We’re not totally out of the woods yet. Brute-force counting factors won’t work, since \(n!\) is huge. But consider the prime factorization of, for example, \(6!=720\): \(2^4\times3^2\times5^1\)
Each (not necessarily prime) factor of \(720\) must be a product of \(0\), \(1\), \(2\), \(3\), or \(4\) “\(2\)“s, \(0\), \(1\), or \(2\) “\(3\)“s, and \(0\) or \(1\) “\(5\)“s. Multiplying the number of options we have for each prime factor together, we can count that there are \((4+1)\times(2+1)\times(1+1)=30\) different factors of \(720\).
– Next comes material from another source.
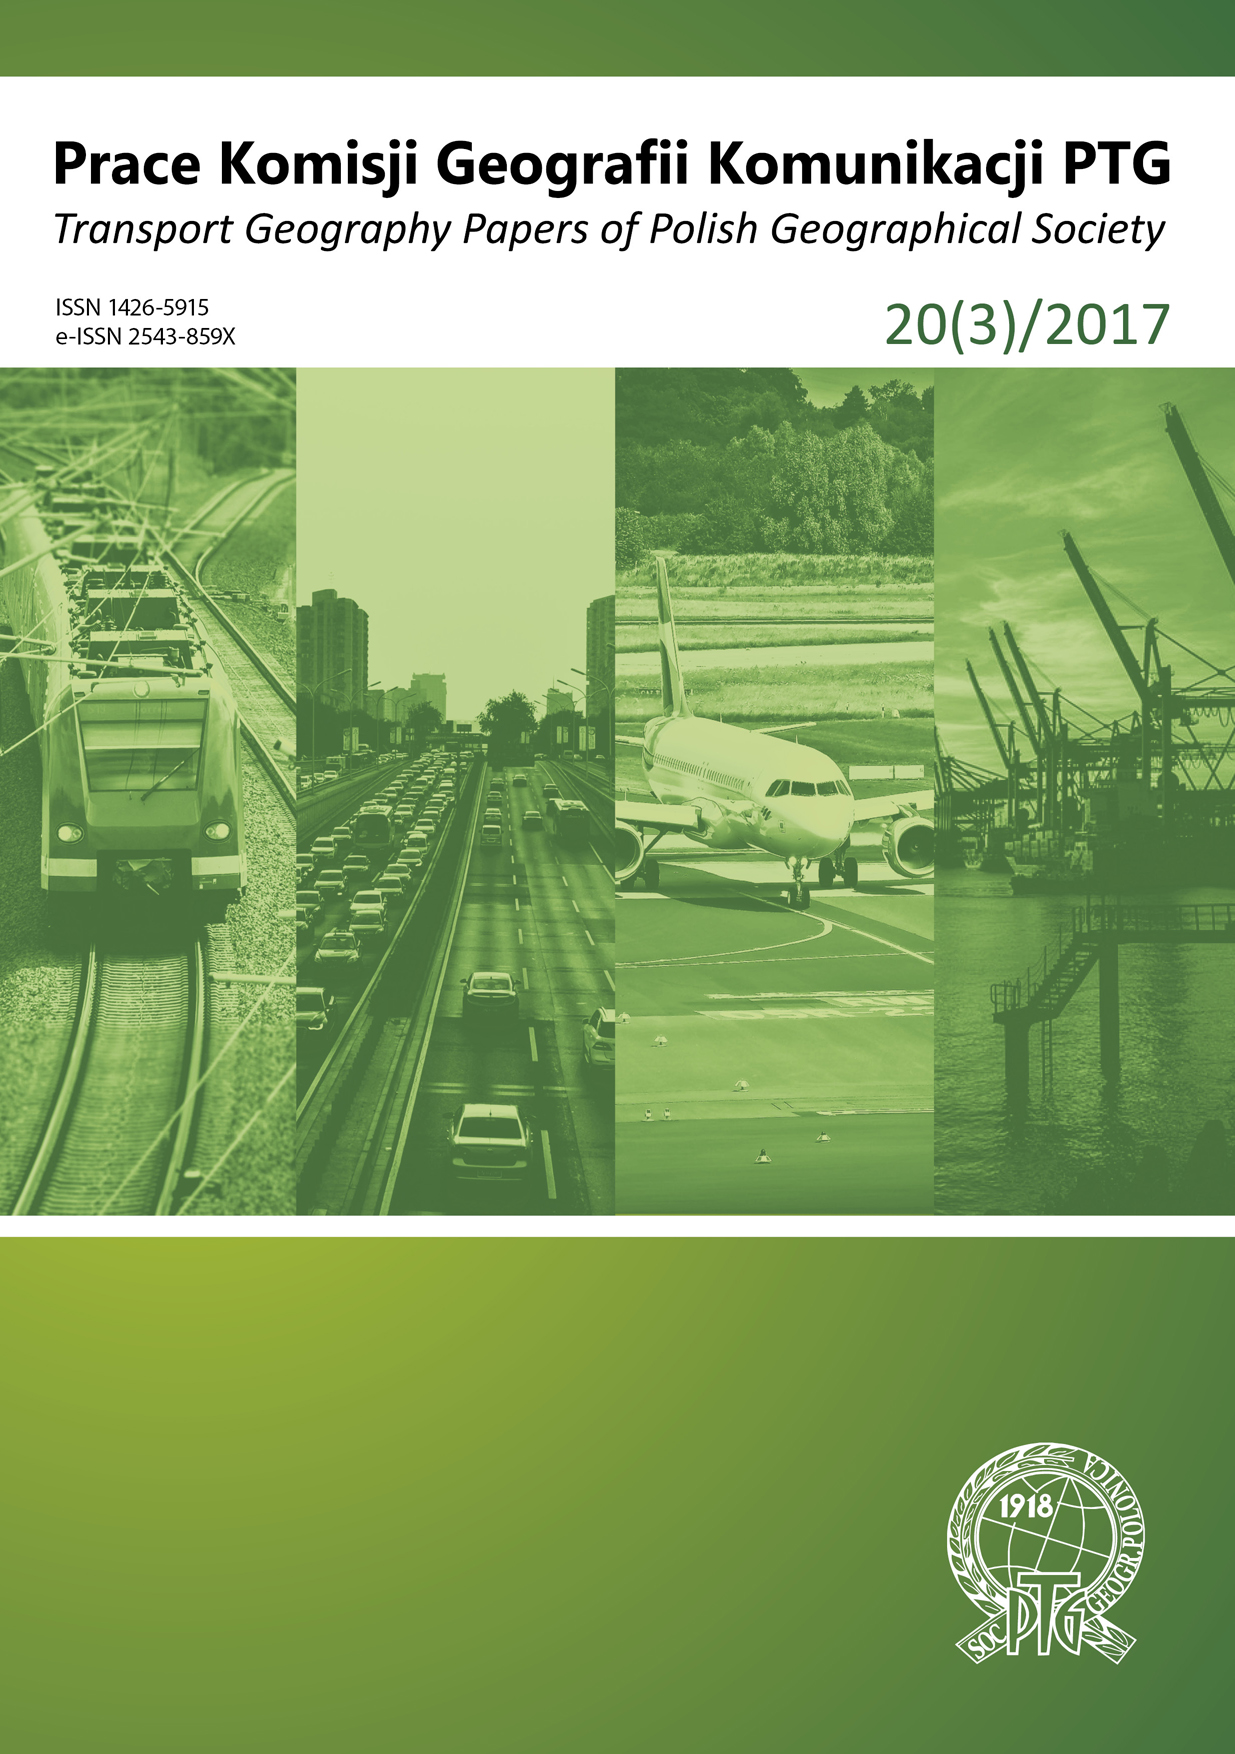 Perspectives of using railway in communication services of northern districts of Gdynia Cover Image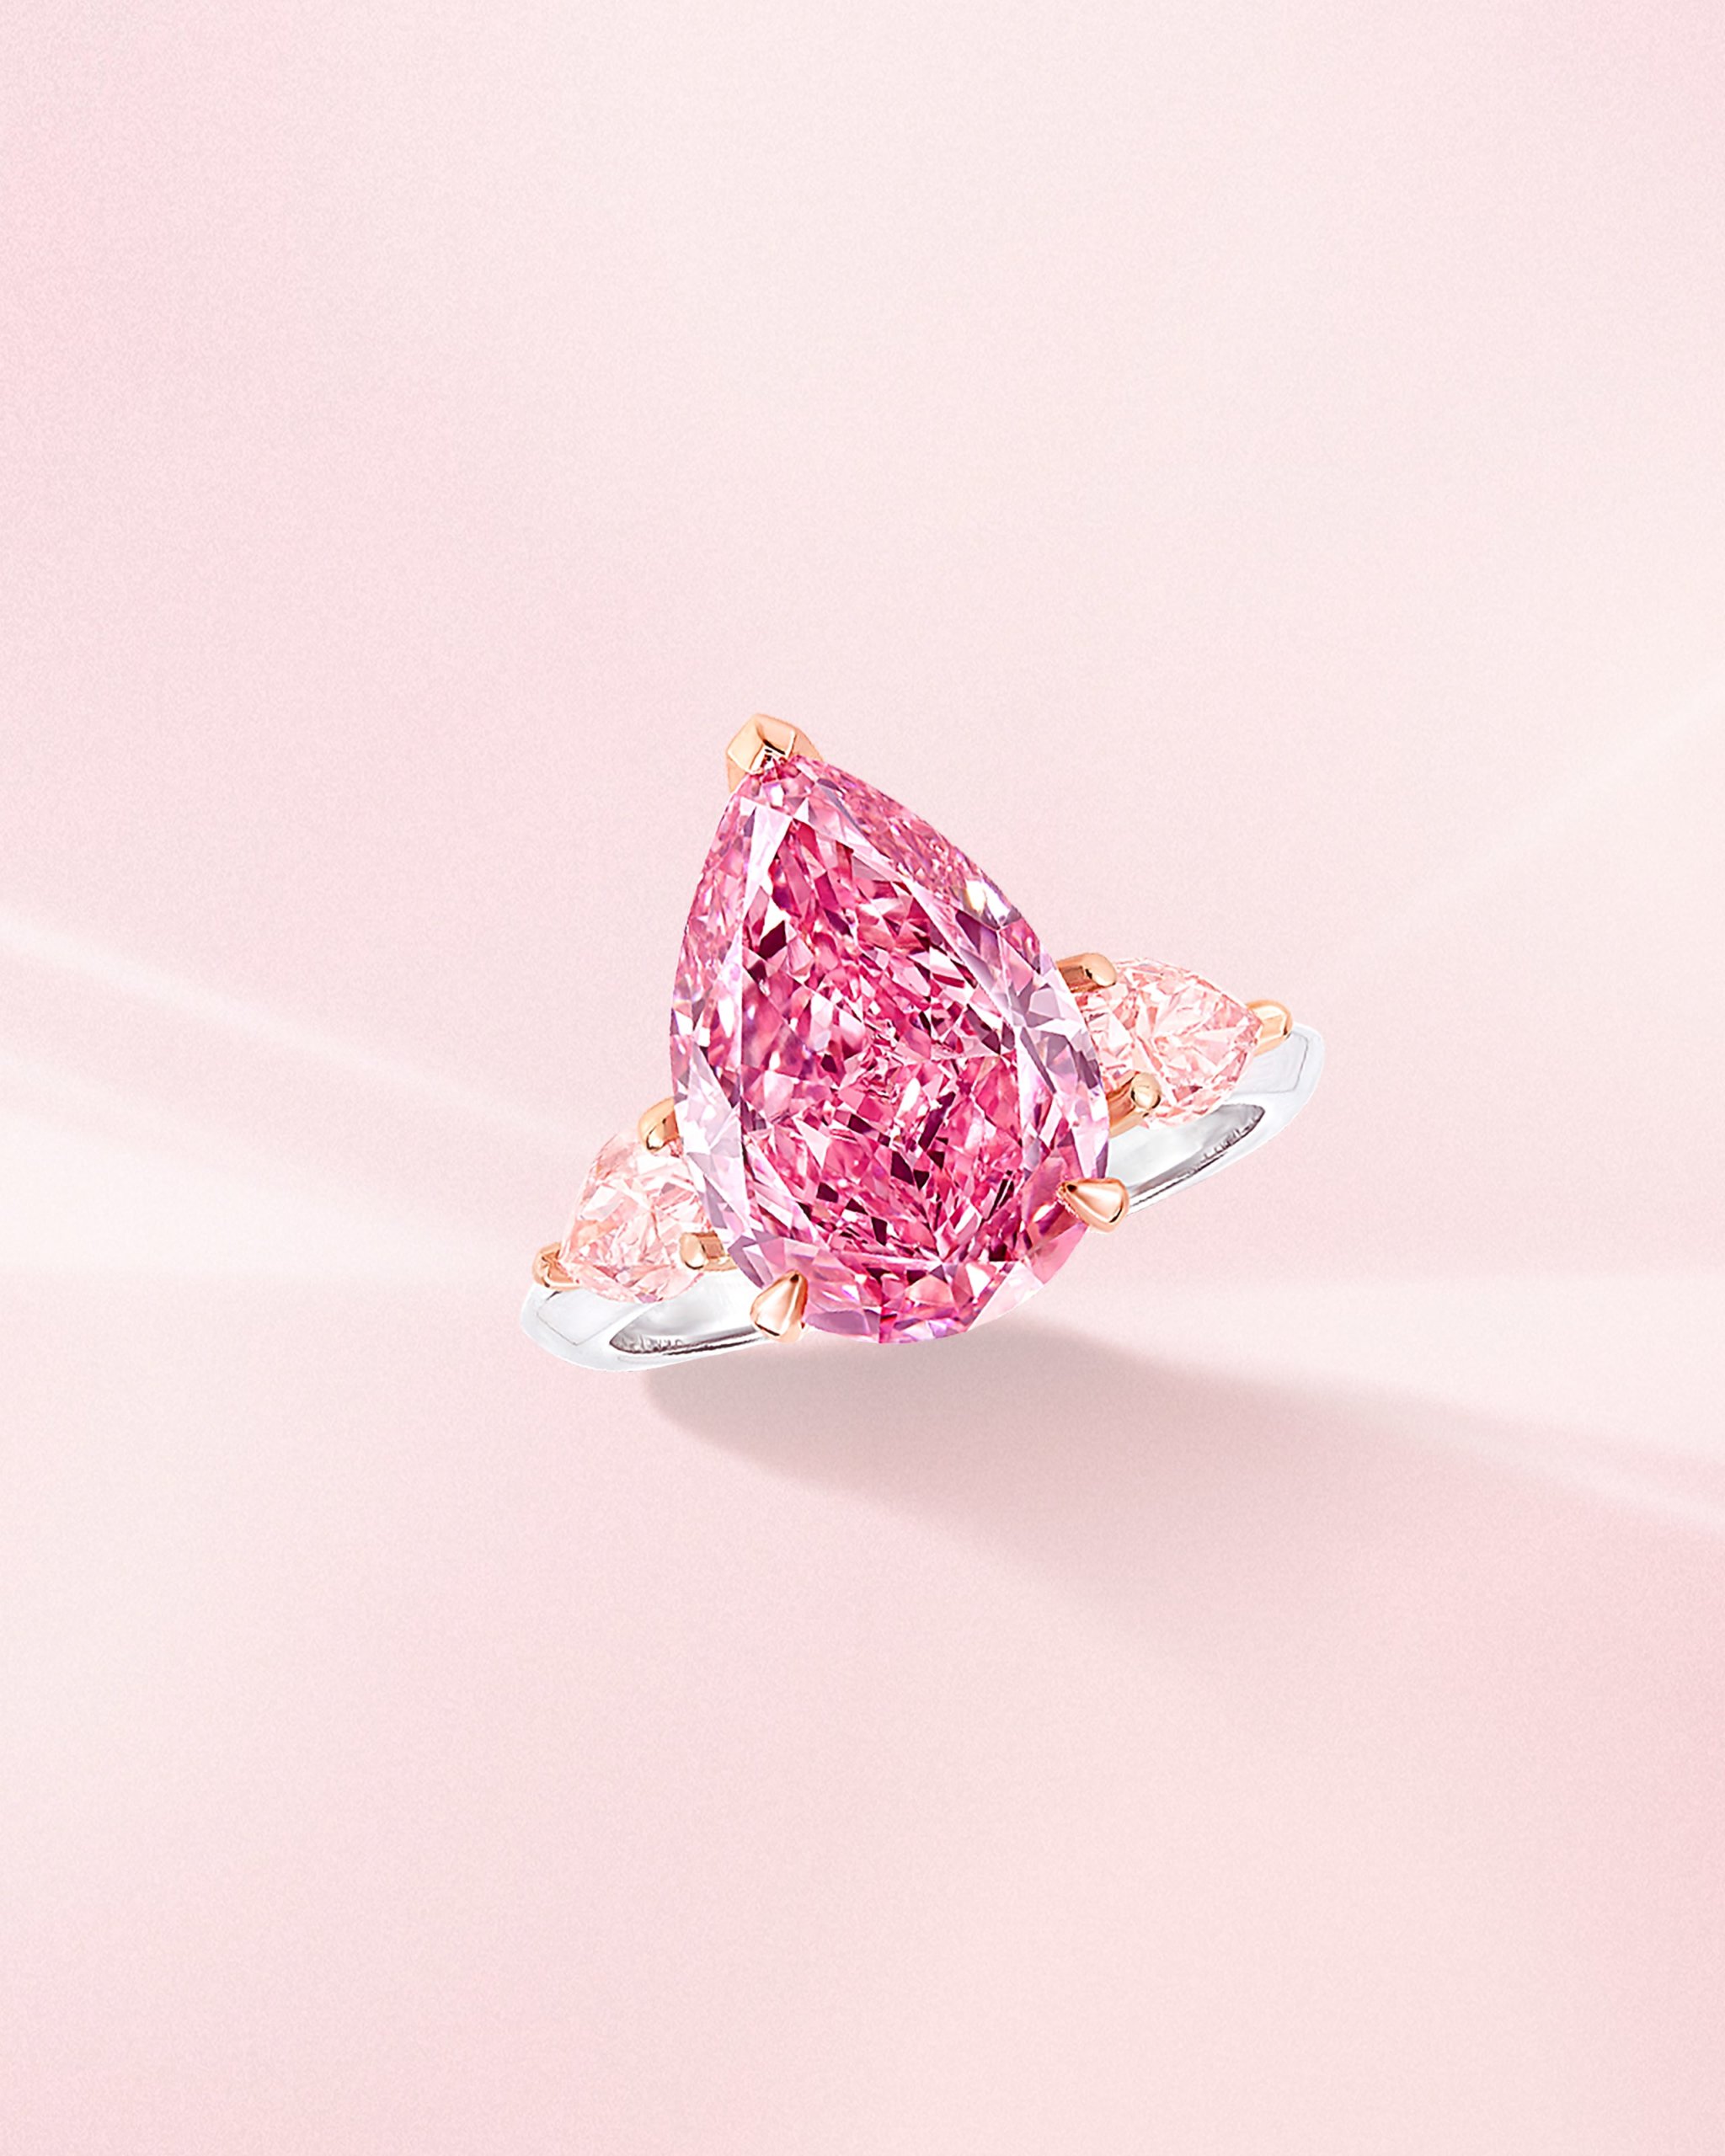 Fancy vivid pink pear shaped diamond ring with side light pink diamonds on a platinum band from Graff

But still, directly computing the prime factorization of \(n!\) could be very slow. Instead, we’ll count the number of occurrences of prime factors directly, taking advantage of the fact that we’re dealing with a factorial.
What if we want to know the exponent on \(2\) in the prime factorization of \(7!\)? If we look at the expansion of \(7!\) as \(7\times6\times5\times4\times3\times2\times1\), clearly every other term is divisible by \(2\). So we have:
\(\left \lfloor{\frac{7}{2}}\right \rfloor\)
But this leaves out the fact that numbers might be divisible by \(4\) or \(8\) and so could have multiple factors of \(2\). So the total count will be:
\(\left \lfloor{\frac{7}{2}}\right \rfloor+\left \lfloor{\frac{7}{4}}\right \rfloor+\left \lfloor{\frac{7}{8}}\right \rfloor+...\)
In general, the number of times a prime factor, \(k\), occurs in \(n!\) is:
\(\left \lfloor{\frac{n}{k}}\right \rfloor+\left \lfloor{\frac{n}{k^2}}\right \rfloor+\left \lfloor{\frac{n}{k^3}}\right \rfloor+...\)
Lastly, it’s worth calling out that there can be no prime factors in \(n!\) greater than \(n\).
Finally, this gives a sufficiently fast algorithm for solving the original problem. Here’s a purely functional solution in Scala. My prime generating code looks a little weird, but it’s an implementation of the Sieve of Eratosthenes, utilizing Scala’s lazy streams. I started with a simpler version of that algorithm, but was getting out of memory errors. That’s something I’ve noticed that pops up when you’re trying to keep stuff purely functional: sometimes you either get concise code, or memory-efficient code, rarely both. Scala’s nice in that you can fall back to all of the mutable, imperative stuff when needed, but it’s an interesting exercise to try to avoid that.
object FractionPuzzle {
// Stream of all integers, starting with n
def ints(n: Int): Stream[Int] =
n #:: ints(n + 1)
// Stream of primes numbers
def primes(nums: Stream[Int] = ints(2), filters: Set[Int] = Set.empty): Stream[Int] = {
val firstIndex = nums.indexWhere(n => !filters.exists(n % _ == 0))
nums(firstIndex) #:: primes(nums.drop(firstIndex + 1), filters + nums(firstIndex))
}
// Stream of powers of n, starting with n^k
def powers(n: Int, k: Int = 1): Stream[Long] =
Math.round(Math.pow(n, k)) #:: powers(n, k + 1)
// Count how many times the prime factor k occurs in n!
def countFactorOcurrences(n: Int, k: Int): Long = {
powers(k).takeWhile(_ <= n).map(n / _).sum
}
// Reads in a number, n, and prints out the number of integer solutions to 1/x + 1/y = 1/n!
def main(args: Array[String]): Unit = {
val n = readInt()
val primeFactors = primes().takeWhile(_ <= n)
val nFactors =
primeFactors.map(countFactorOcurrences(n, _)).map(x => BigInt(x + 1)).product
println(nFactors * nFactors)
}
}
It starts to slow down around \(n=200000\) or so, but still, I think that’s pretty impressive. The solution for that value of n is 21179 digits long!